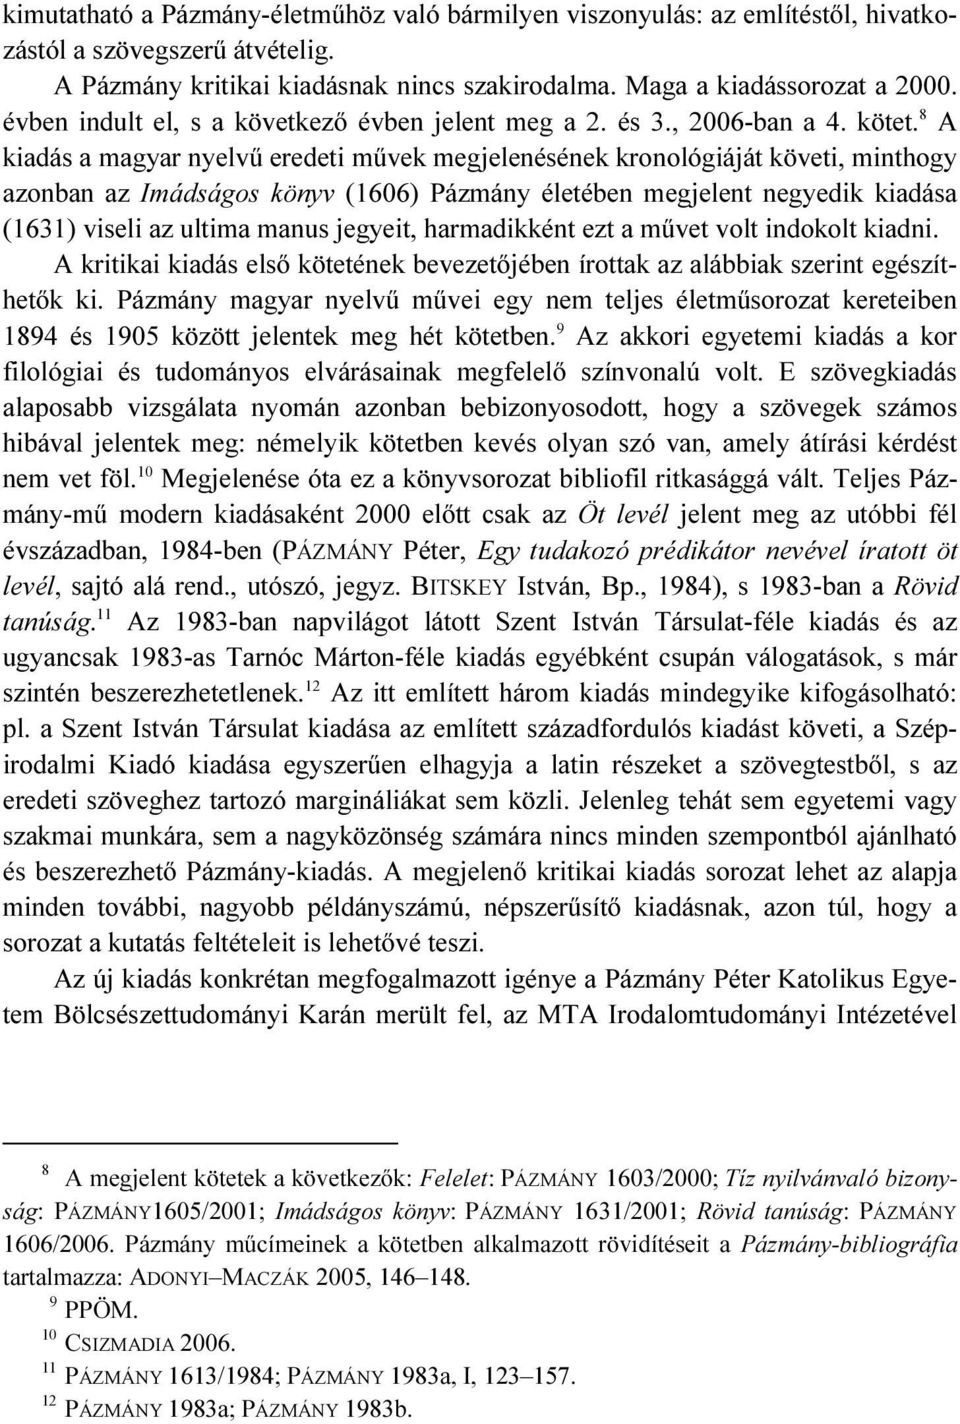 8 A kiadás a magyar nyelvű eredeti művek megjelenésének kronológiáját követi, minthogy azonban az Imádságos könyv (1606) Pázmány életében megjelent negyedik kiadása (1631) viseli az ultima manus
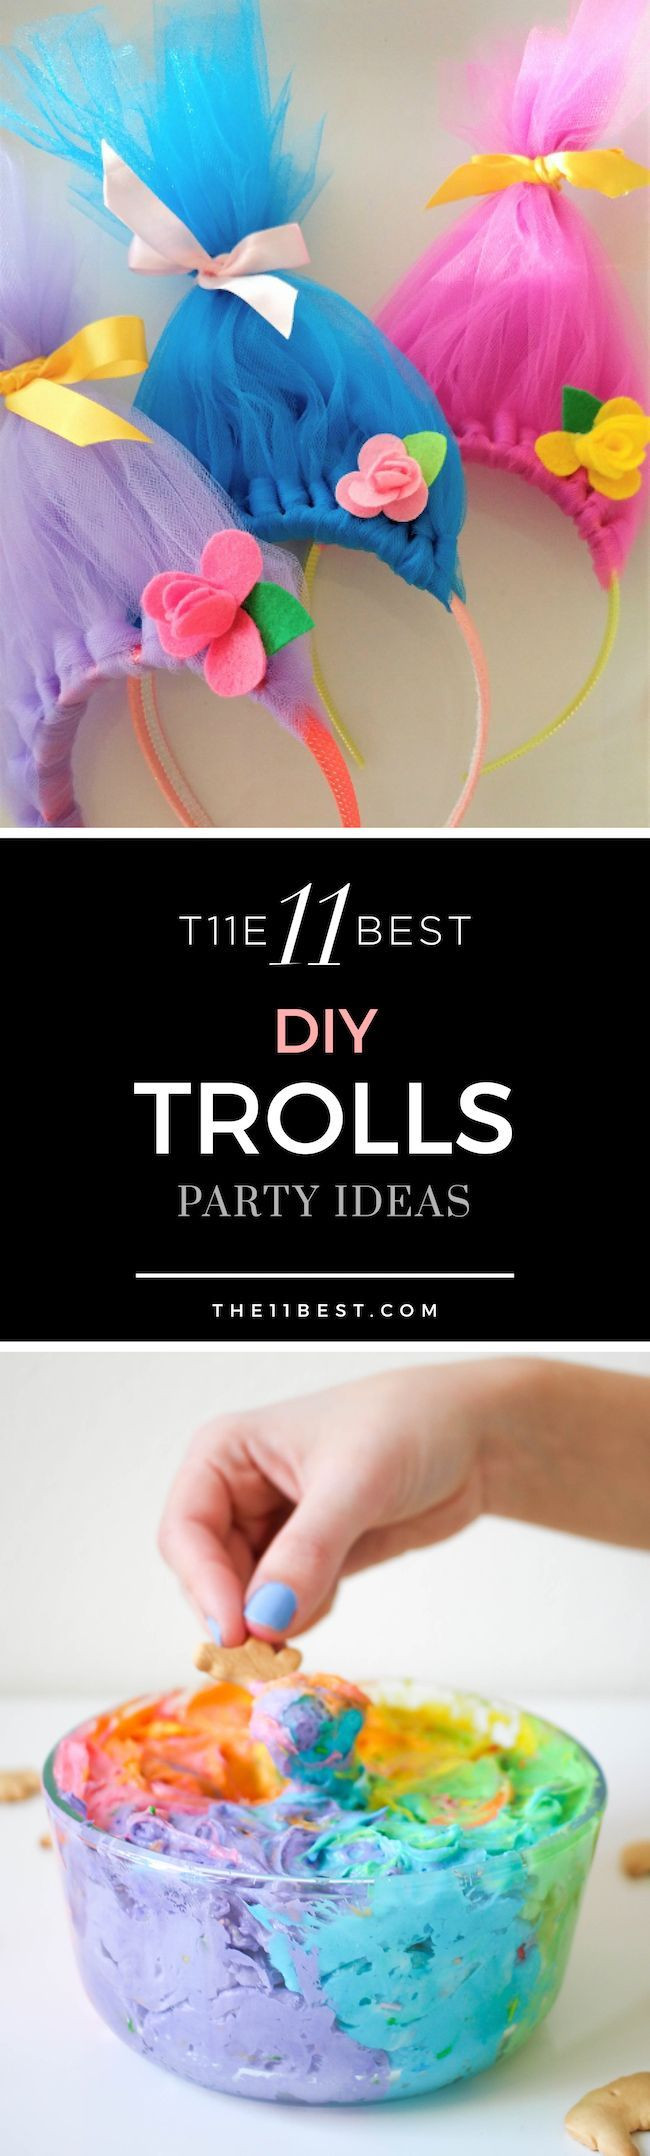 Trolls Diy Party Ideas
 DIY Trolls party ideas Trolls birthday party
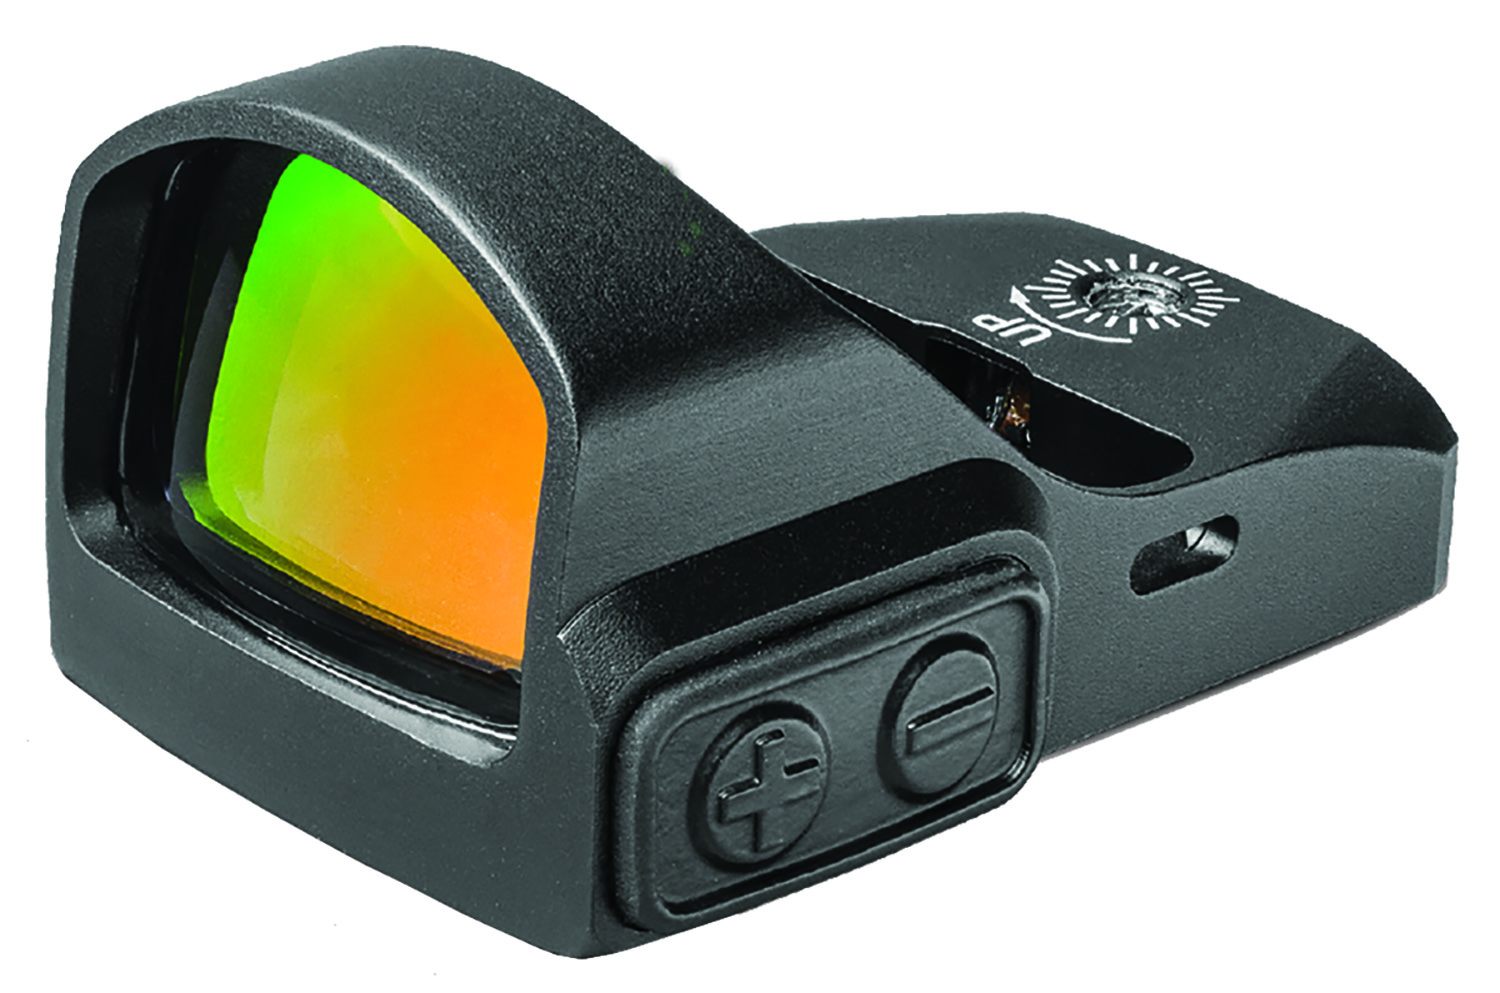 TruGlo TG-8100B3 Tru-Tec Sight & Mount Kit Black 1x 23x17mm 3 MOA Illuminated Red Dot Reticle Fits Remington

····················

§ **Exercise requirements**
Where the data contains images, drop them and print the rest exactly.

§ **Response area**
 8 A kiadás a magyar nyelvű eredeti művek megjelenésének kronológiáját követi, minthogy azonban az Imádságos könyv (1606) Pázmány életében megjelent negyedik kiadása (1631) viseli az ultima manus
 Trolls Diy Party Ideas
 DIY Trolls party ideas Trolls birthday party
 TruGlo TG-8100B3 Tru-Tec Sight & Mount Kit Black 1x 23x17mm 3 MOA Illuminated Red Dot Reticle Fits Remington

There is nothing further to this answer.